Did the "and their corresponding permalink URL" make a big difference for you?
@JosXa yes the prompt + gemini model seemed to be the difference maker here!
I believe it has an issue with relative URLs. When the link is <a href="./hello-world">, it's unable to construct a full url even when given the domain name in the describe context 🤔
Version 2.2.0 still seem to not able to extract links
hey @darasus! yeah there was an issue on the latest version with link extraction, so we've merged various patches/improvements today that should help (you can test it out on the alpha release if you like). Do you mind posting a snippet here so that I can try to reproduce?

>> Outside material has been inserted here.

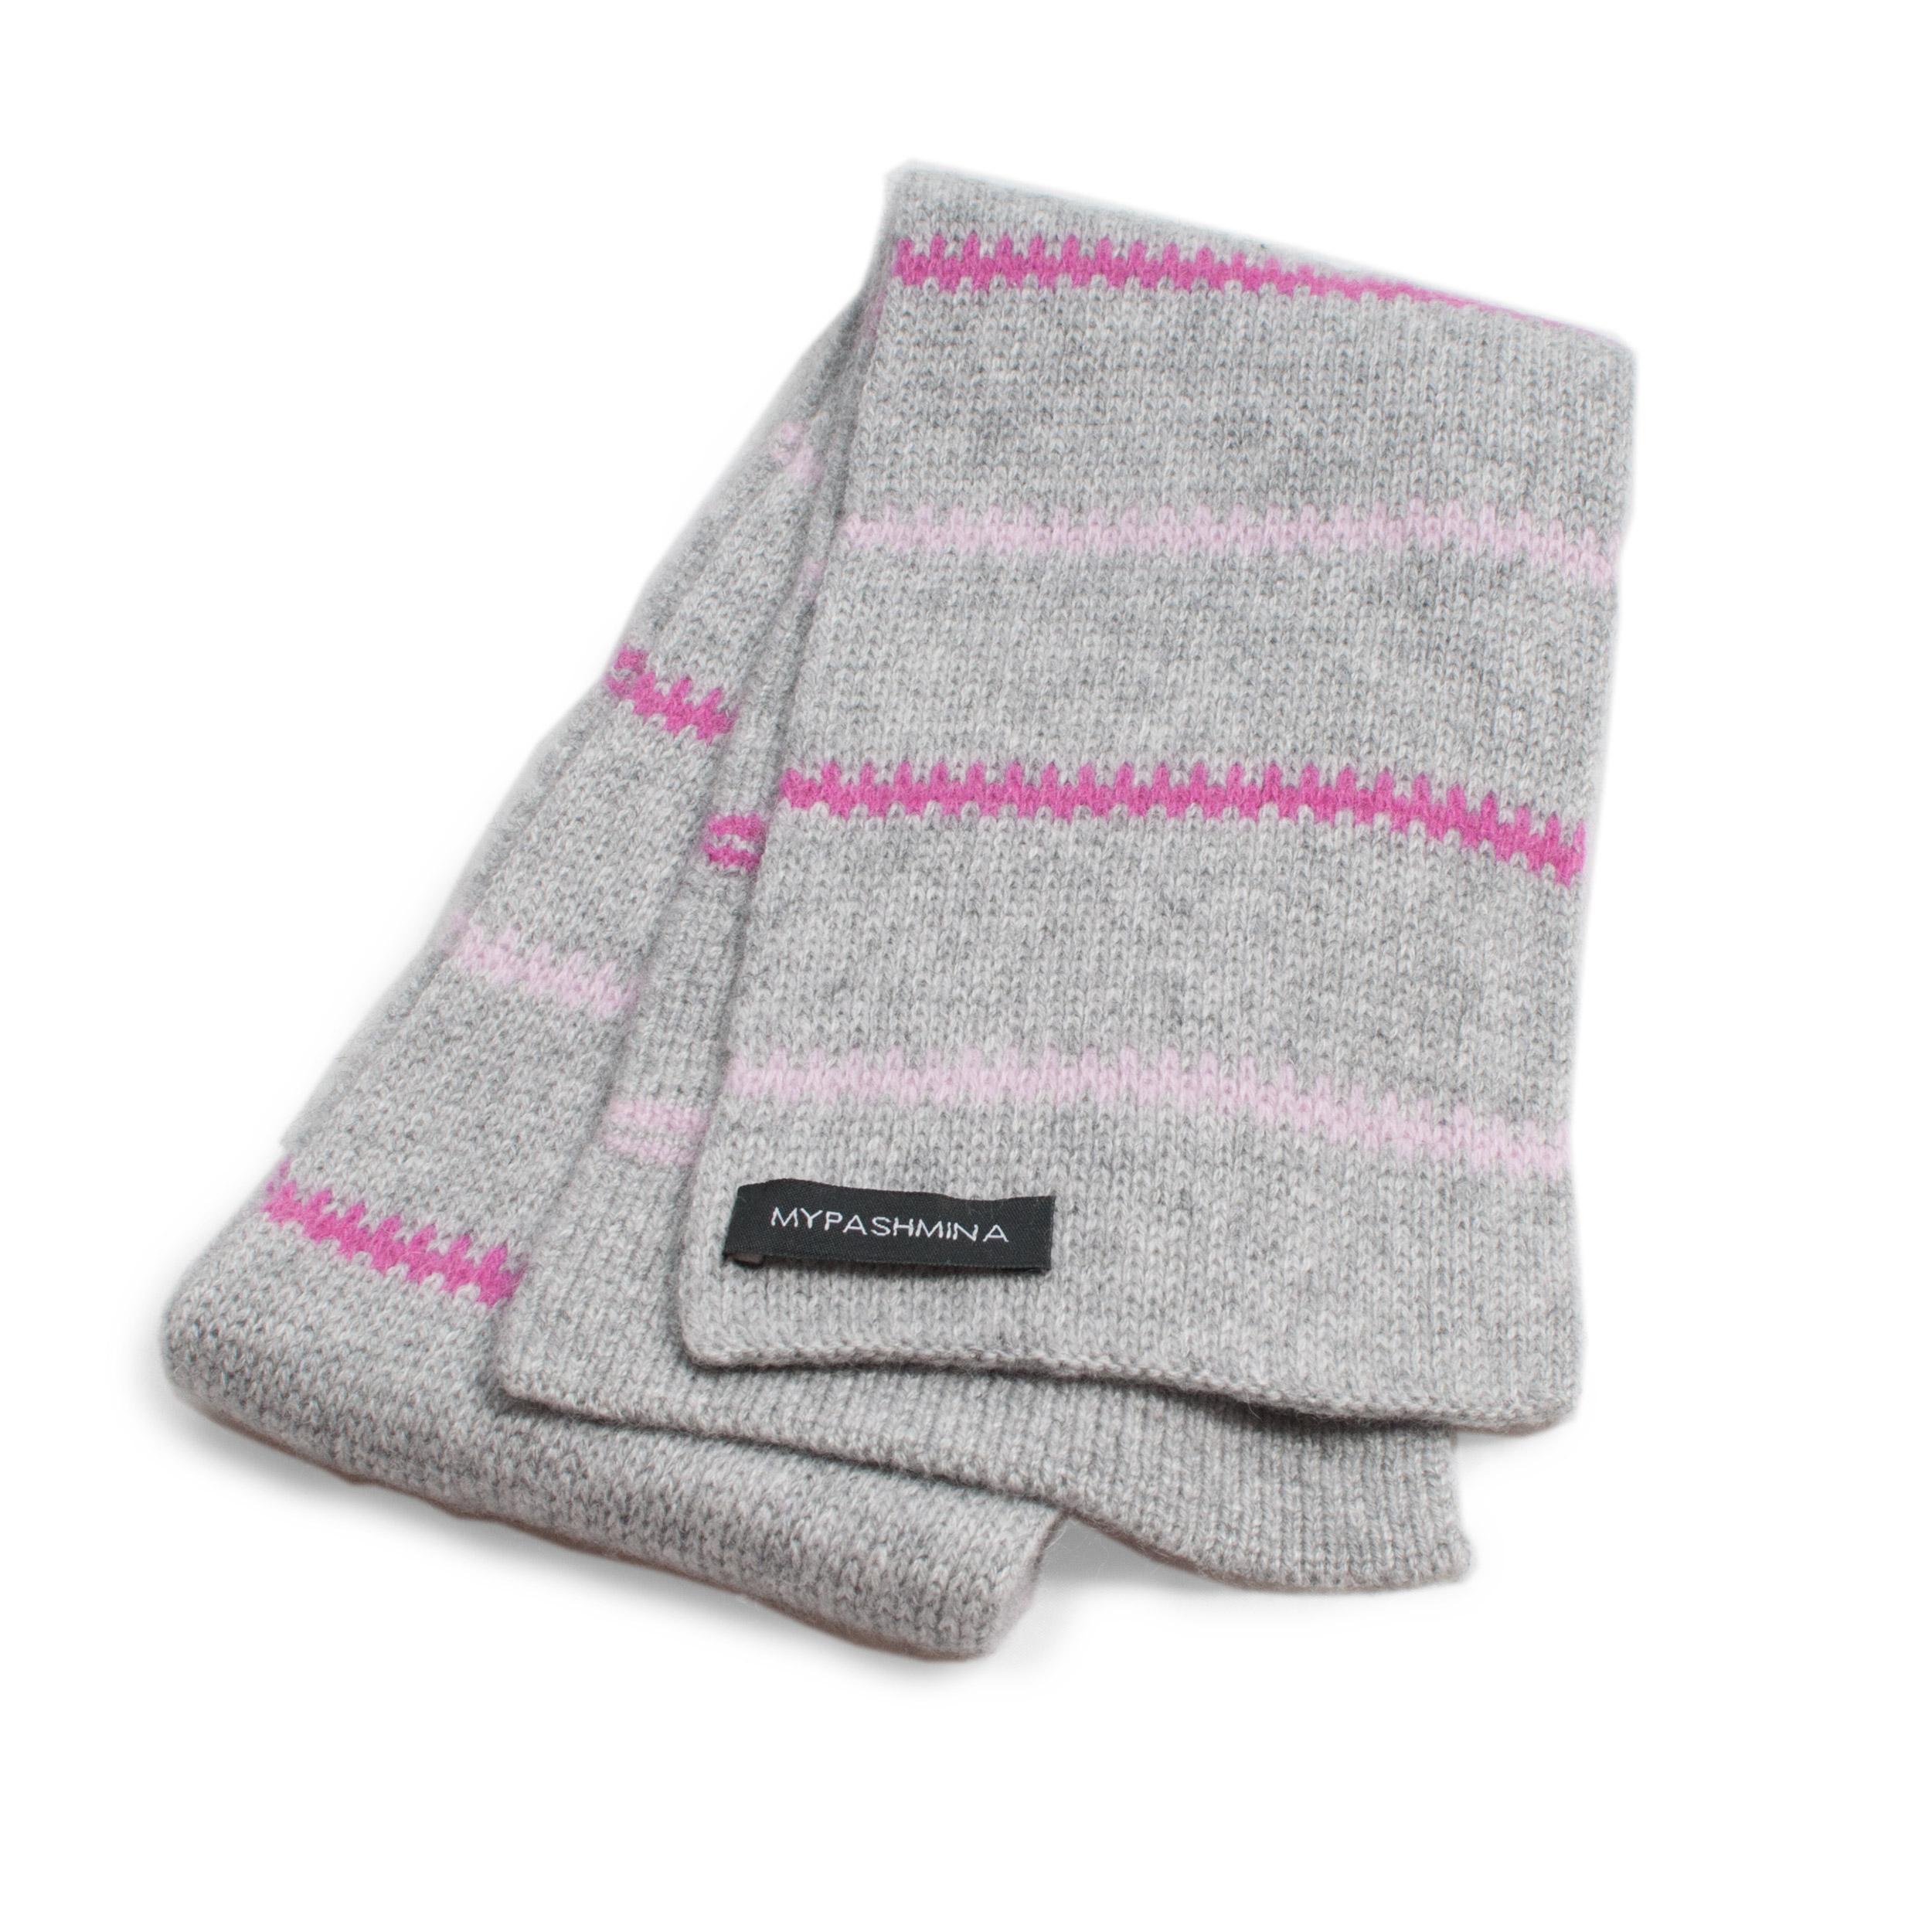 Buy Pippi-halsduk i kashmir – grå rosa Online - Mypashmina.se bf49ea918df77

Hey @seanmcguire12, this should be sufficient to reproduce. Also tried with latest alpha.
const url = `https://linkedin.com/mynetwork/invite-connect/connections/`;
await ctx.page.goto(url, {
waitUntil: "load",
});
const { recentConnections } = await ctx.page.extract({
instruction: "Find first 10 connections, and their corresponding permalink URL",
useTextExtract: true,
schema: z.object({
recentConnections: z.array(
z.object({
firstName: z.string(),
lastName: z.string(),
profileUrl: z.string().url(),
connectedDate: z.string(),
}),
),
}),
});
FWIW – I notice a correlation with having the package.json "type": "module" set, which while using z.string().url() results in:
Full error:
400 Invalid schema for response_format 'Extraction': In context=(..., 'postUrl'), 'format' is not permitted.
at _StagehandPage.<anonymous> (C:\Users\josch\.kenv\node_modules\.pnpm\@browserbasehq+stagehand@2._3b4d582bac000913703aa3c79db2112b\node_modules\@browserbasehq\stagehand\dist\index.js:3611:15)
at Generator.throw (<anonymous>)
at rejected (C:\Users\josch\.kenv\node_modules\.pnpm\@browserbasehq+stagehand@2._3b4d582bac000913703aa3c79db2112b\node_modules\@browserbasehq\stagehand\dist\index.js:70:29)
at process.processTicksAndRejections (node:internal/process/task_queues:105:5)
@darasus you'll have to remove useTextExtract: true (or set it to false) for this to work. Will make sure we update our docs once we officially announce this feature.
@adamalfredsson this was one of the errors we patched on friday! if you could try it out again (on alpha version) and let me know how it works that would be great!
I believe it has an issue with relative URLs. When the link is
<a href="./hello-world">, it's unable to construct a full url even when given the domain name in the describe context 🤔
I have this exact issue ... the extracted links are wrong are slightly hallicinated always . no matter what model or how detailed the instruction ... examples dont help eiither.